When a baby is born, they depend completely on their parents for love, safety, and support. Sadly, not every child receives that kind of beginning. For Xueli Abbing, life started with a heartbreaking moment.
She was born in China with albinism, a genetic condition that causes the skin, hair, and eyes to have very little pigment. Because of her appearance, her biological parents abandoned her as a baby, leaving her outside the door of an orphanage.
The orphanage staff gave the little girl a special name: Xueli. In Chinese, “Xue” means snow, and “Li” means beautiful — a name chosen to reflect her unique appearance and the beauty they saw in her.
Fortunately, Xueli’s story didn’t end there. She was adopted by a loving Dutch family, who gave her the care and encouragement every child deserves. Growing up, she learned to embrace her differences rather than hide them.
At the age of 11, Xueli received an unexpected opportunity.
A designer in Hong Kong invited her to take part in a fashion project called “Perfect Imperfections,” which aimed to highlight the beauty of people who look different from traditional models.
“It was an amazing experience,” she later shared. People with albinism often face stigma and discrimination around the world. In some countries, harmful myths even put them in danger.
Because of this, Xueli has always been aware of how lucky she was to find a safe and supportive home.
“I’m lucky I was only abandoned,” she once said.
Her unique appearance eventually caught the attention of photographers and fashion professionals. One London-based photographer helped introduce her to the modeling world, and soon she achieved something remarkable.
Xueli appeared in Vogue Italia in 2019 — one of the most respected fashion magazines in the world.

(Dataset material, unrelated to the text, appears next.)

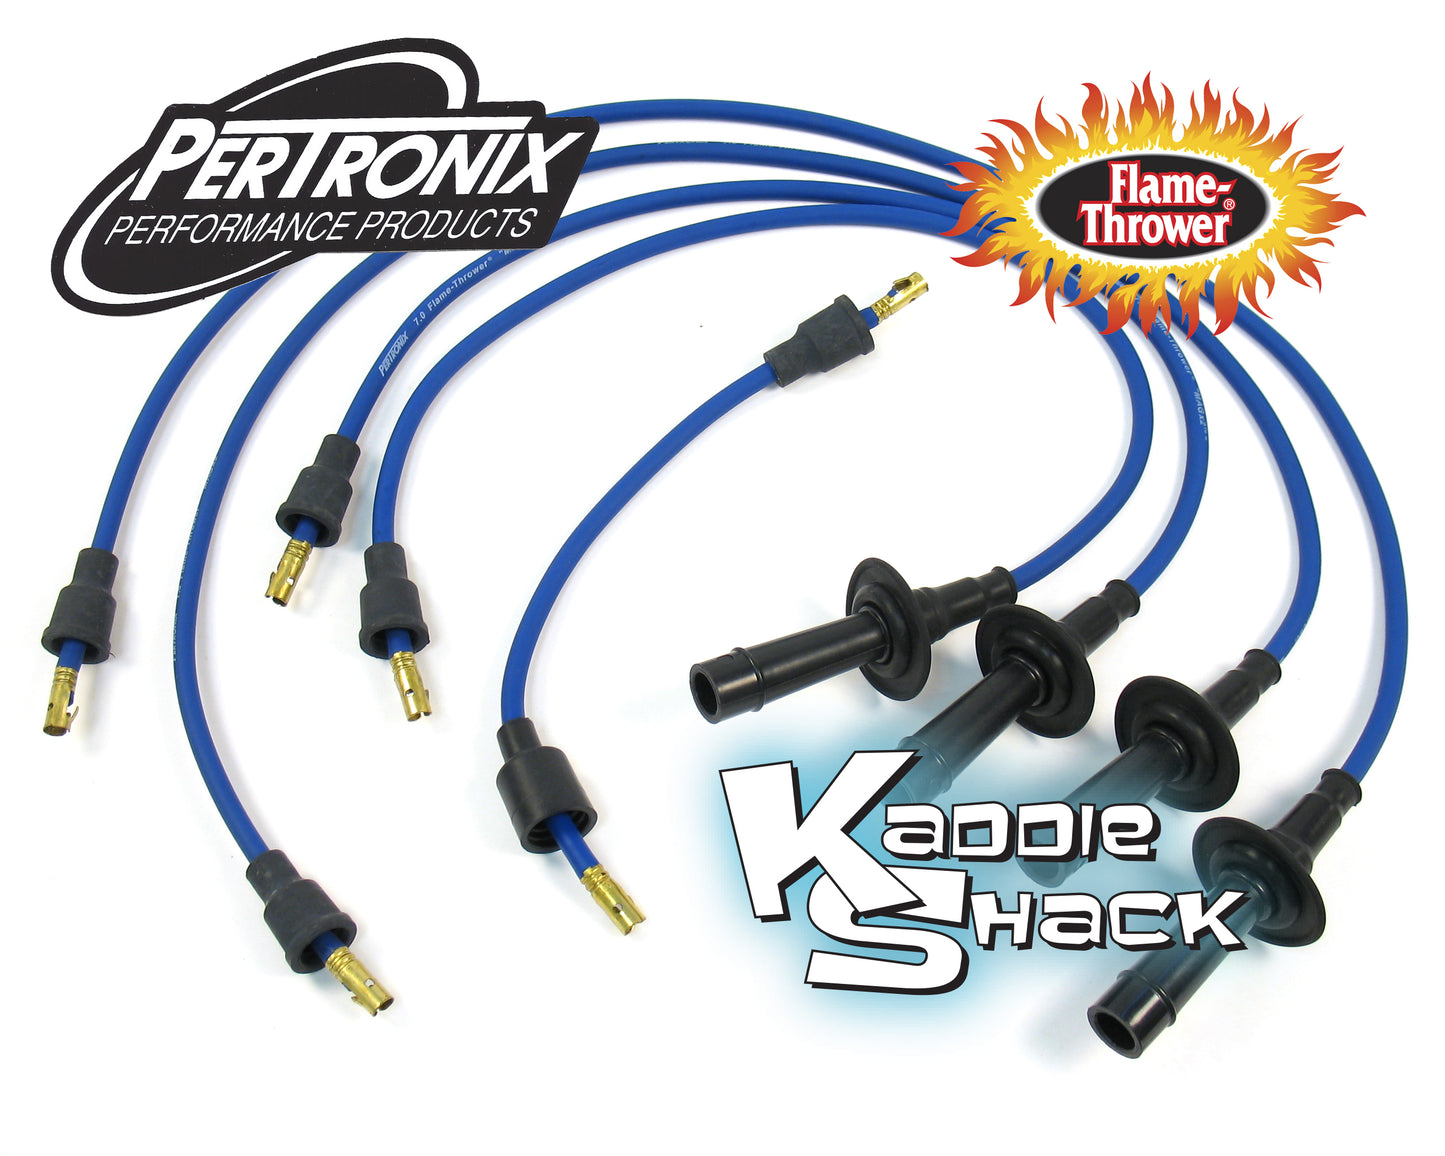 Pertronix Flame-Thrower 7mm Spark Plug Wires, Blue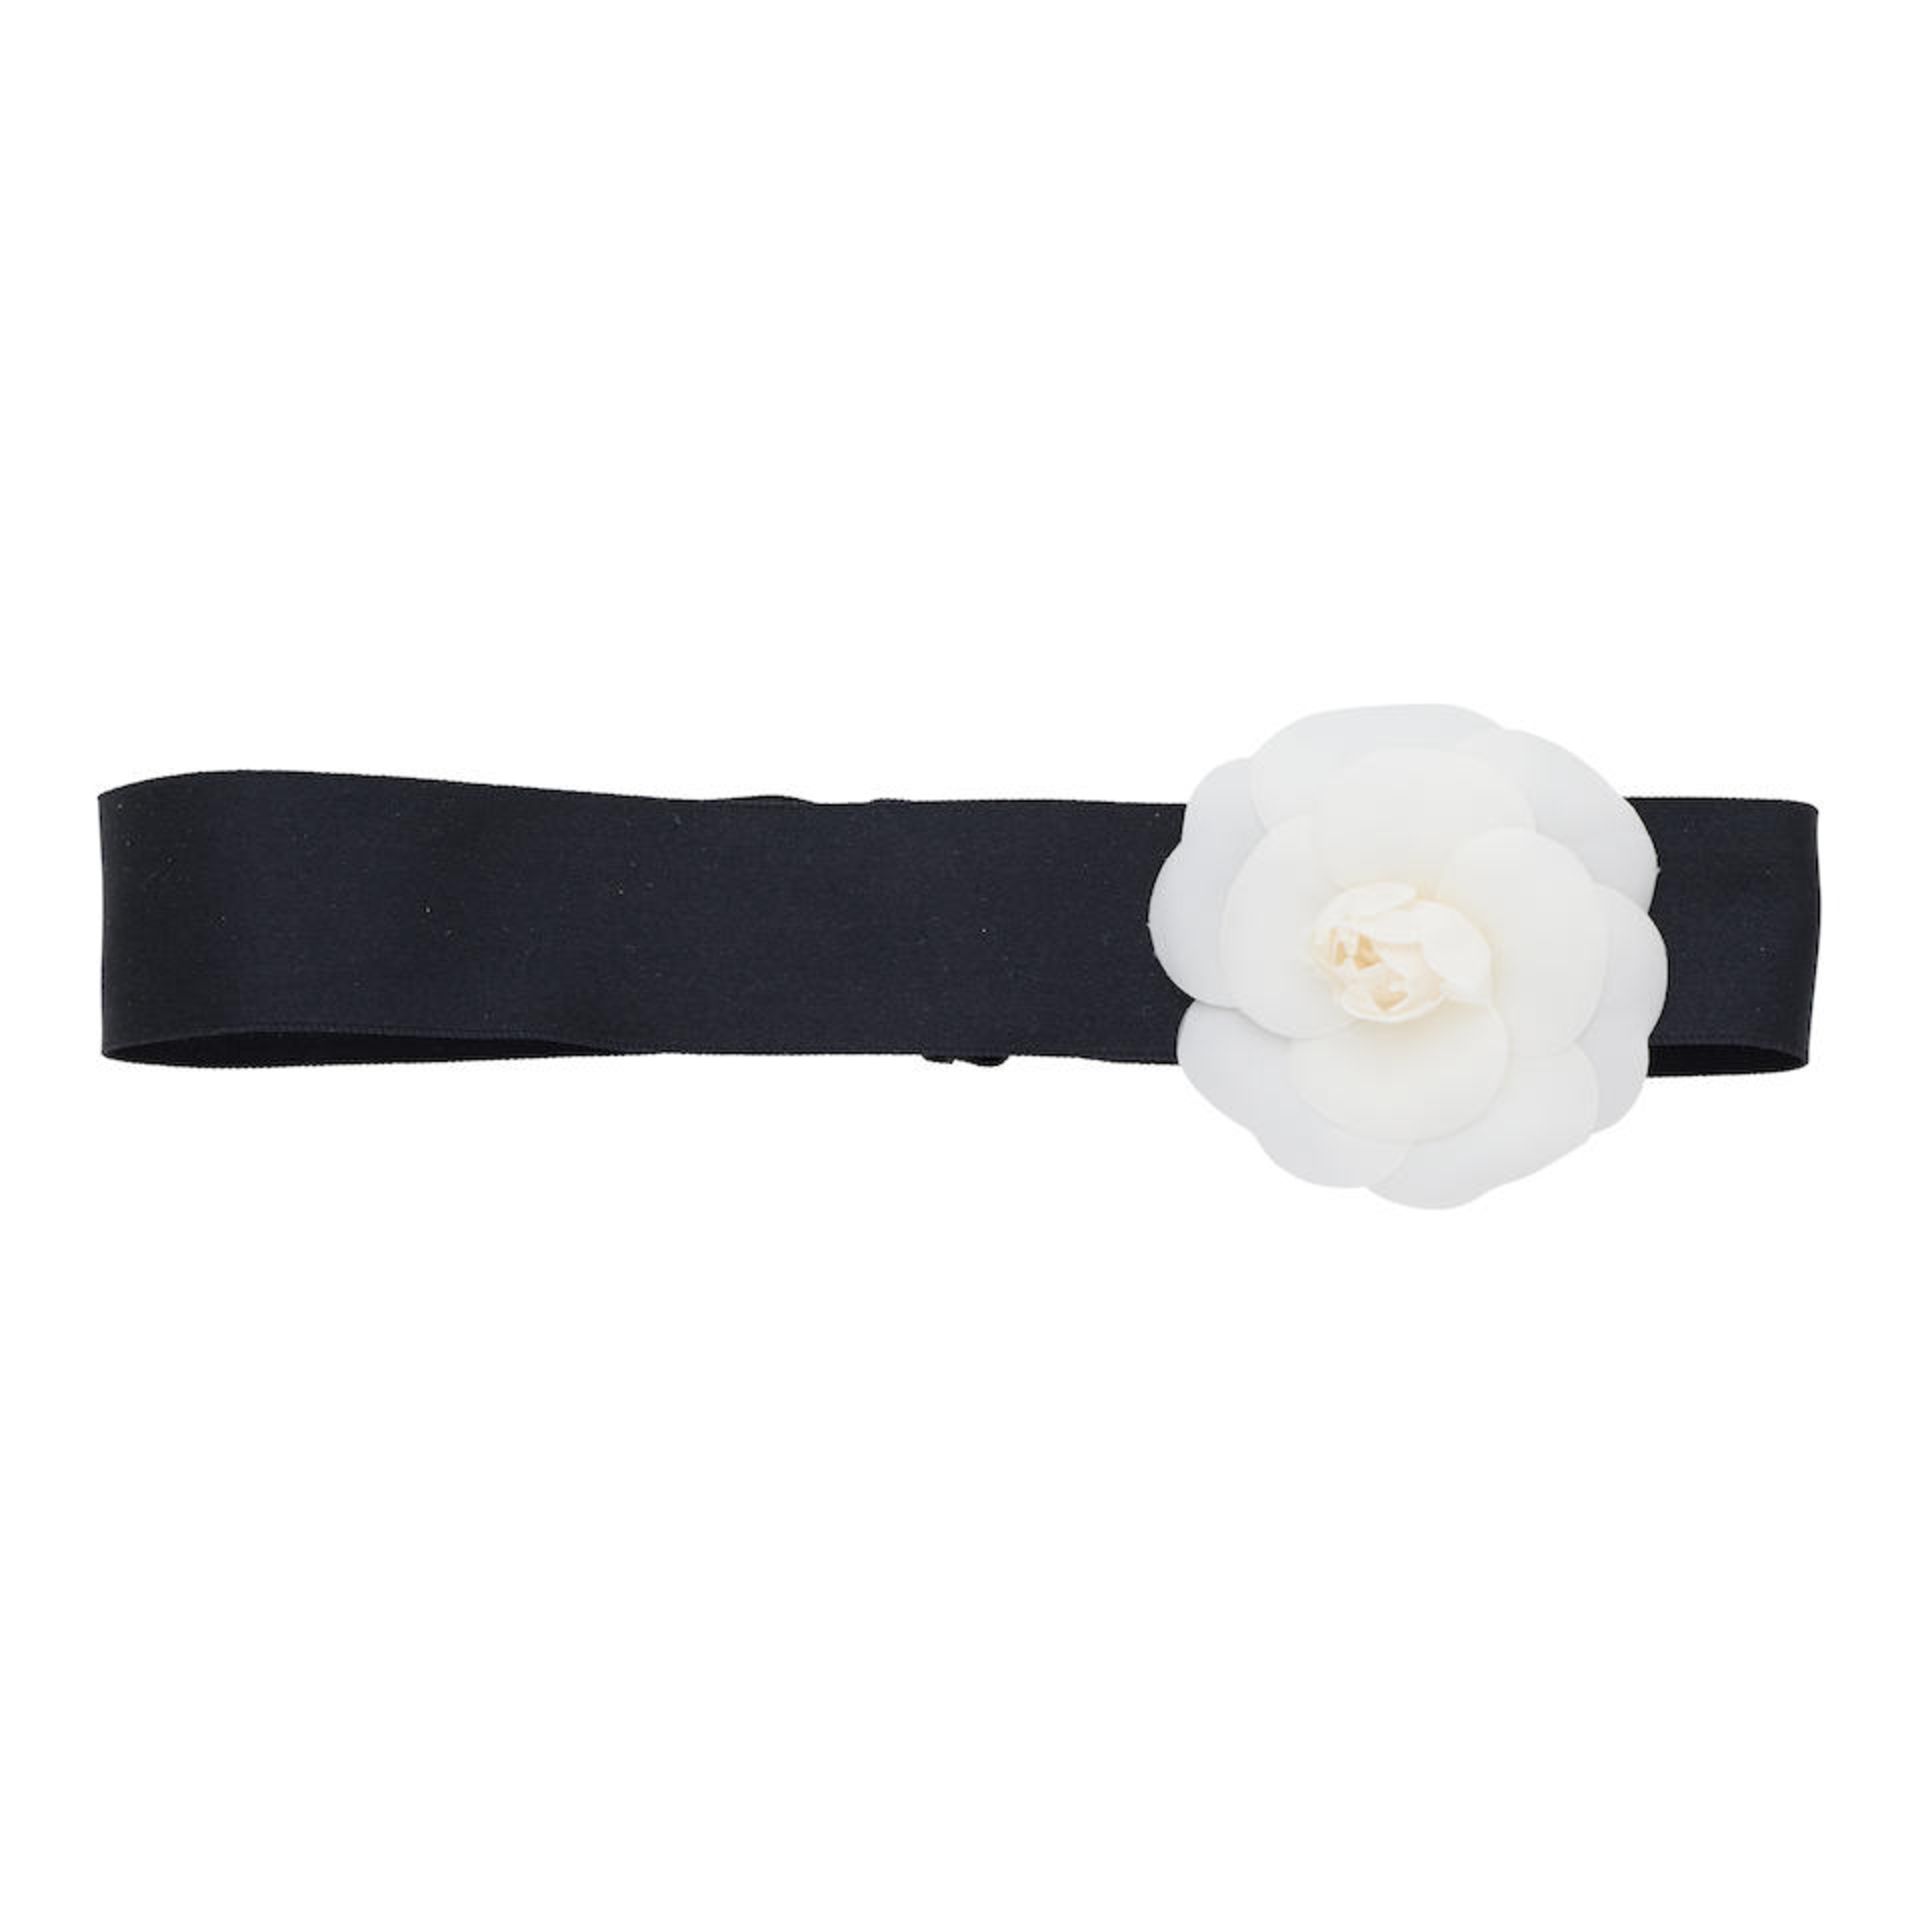 Karl Lagerfeld for Chanel: a Black and White Camellia Hair Band 1990s (includes box) - Bild 2 aus 2

At the time, she didn’t fully realize how big the achievement was. “I didn’t know how important the magazine was,” she said. “It took me a while to understand why everyone was so excited.”
Today, Xueli hopes to use her platform to raise awareness about albinism. She wants people to understand that it is a genetic condition — not something mysterious or cursed, as some harmful myths claim.
She also prefers the phrase “a person with albinism” instead of labeling someone simply as “an albino.” More importantly, she hopes her story will help change the way the world sees beauty.
Because sometimes the people once rejected for being “different” grow up to show everyone just how extraordinary they really are.